# Why upgrade machine to 220v



## leftcoaster (Jan 1, 2016)

I know that 220 opens up the possibility of larger motors. But suppose I have a machine that comes wired for 110 and for which I have enough amps to not worry about tripping a breaker.

What's the argument for making the 220v upgrade in this case? Do things run cooler with lower amperage?


----------



## jonah (May 15, 2009)

Assuming that the wire is sized appropriately, there is no good argument for changing to 240V. With the right size wire, heat is not an issue.


----------



## rad457 (Jun 15, 2013)

I assumed lower operating cost as around here we are charged by the KWh, so fewer amps used? When I switched a few machines to 220v they seem to start/run smoother.


----------



## TheFridge (May 1, 2014)

Operating costs will be the same.

Lower amperage is a plus.

Technically there isn't a difference on paper. In real life I find there is a small one. How it sounds when starting and in use is one.


----------



## wapakfred (Jul 29, 2011)

> Operating costs will be the same.
> 
> Lower amperage is a plus.
> 
> ...


That's pretty much my opinion as well. But if you're good with 120V, stay that way.


----------



## ssnvet (Jan 10, 2012)

W = V x A, so if you double V, you use 1/2 A, but the total power consumed will be essentially the same. Power companies bill by KWHr. (1,000 Watts pulled for 1 hour) so given the same W… Their is no theoretical savings.

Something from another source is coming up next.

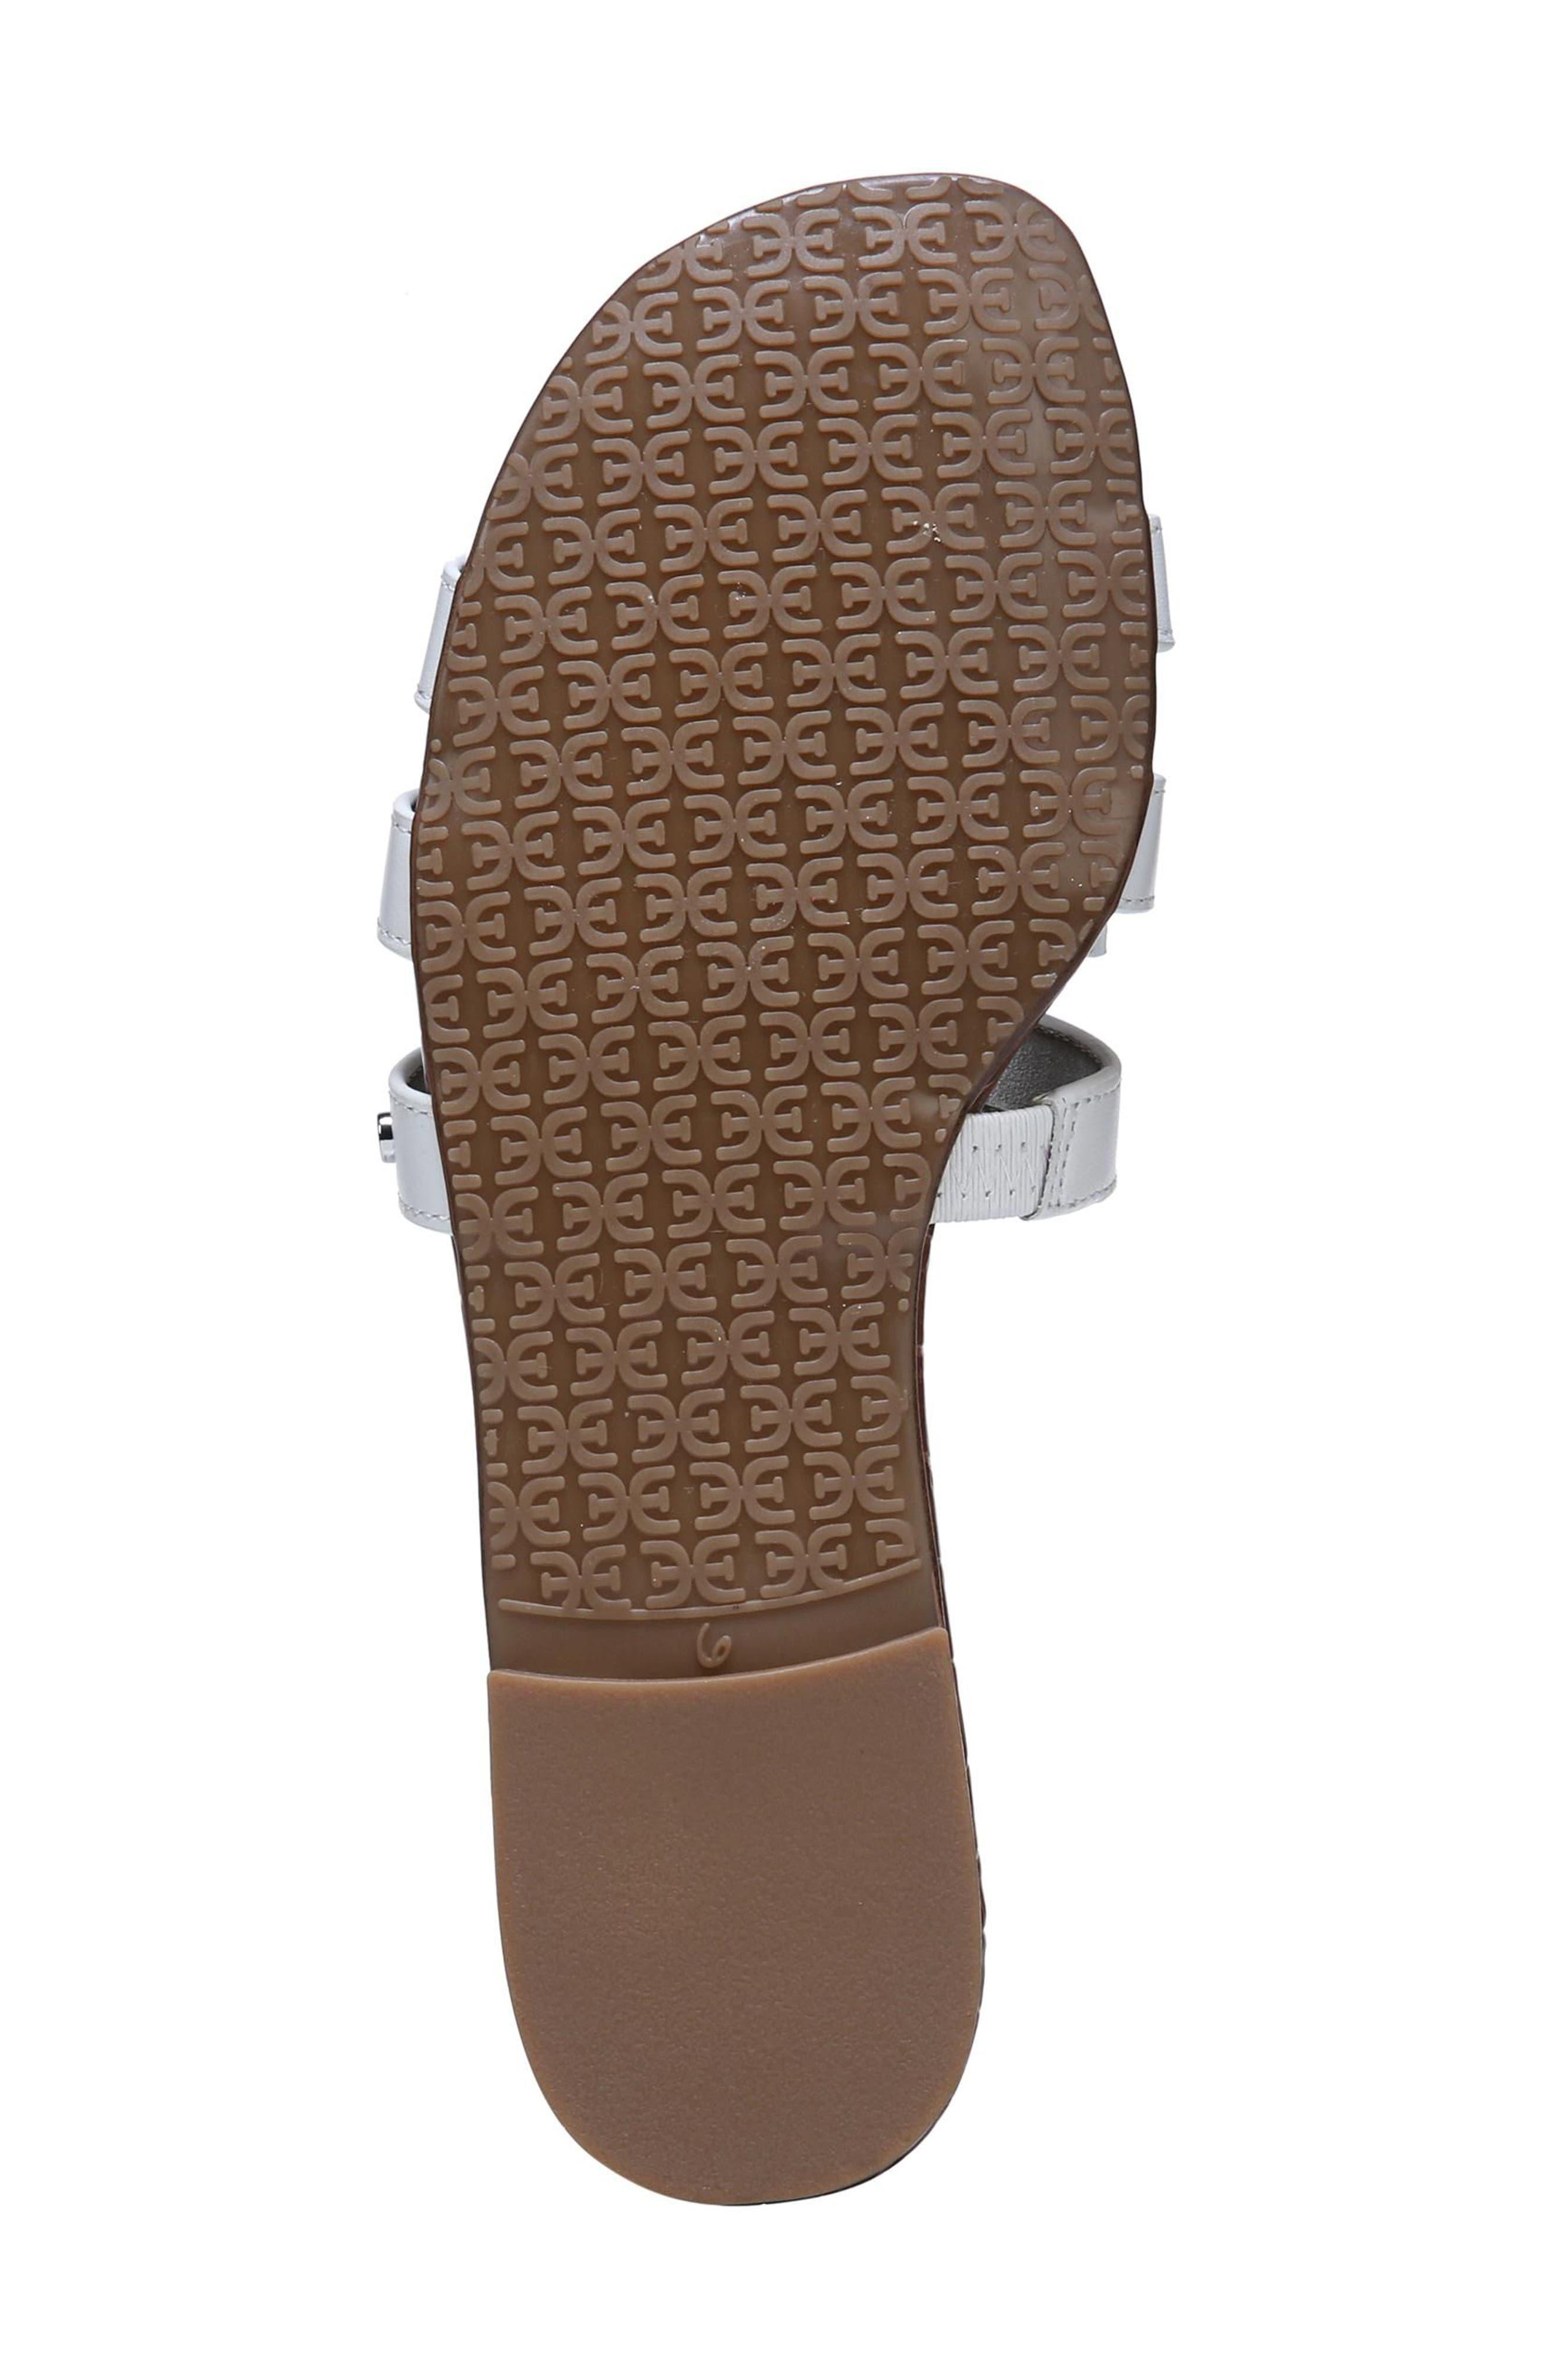 Bay Cutout Slide Sandal,                             Alternate thumbnail 6, color,                             Bright White Leather

But, as you push amps through a wire you create some thermal losses however (calked I squared R losses, where I is the current and R is the resistance in the wire). Copper, being an excellent conductor has a very, very low R value, so the heat generated is small, none the less, a 1 KW motor will have greater thermal losses running at 110 V than at 220 V, and thus will consume a little more power, and cost a few pennies more to run. In practicality, this is a very small factor.

But power is not the only consideration as torque also comes into play, and the motor will have more torque when powered by 220 V. This is primarily noticed when the motor starts and the 220 V motor will start more smoothly with less of a jolt and a lower current spike (so no dimming of the lights or tripping of breakers).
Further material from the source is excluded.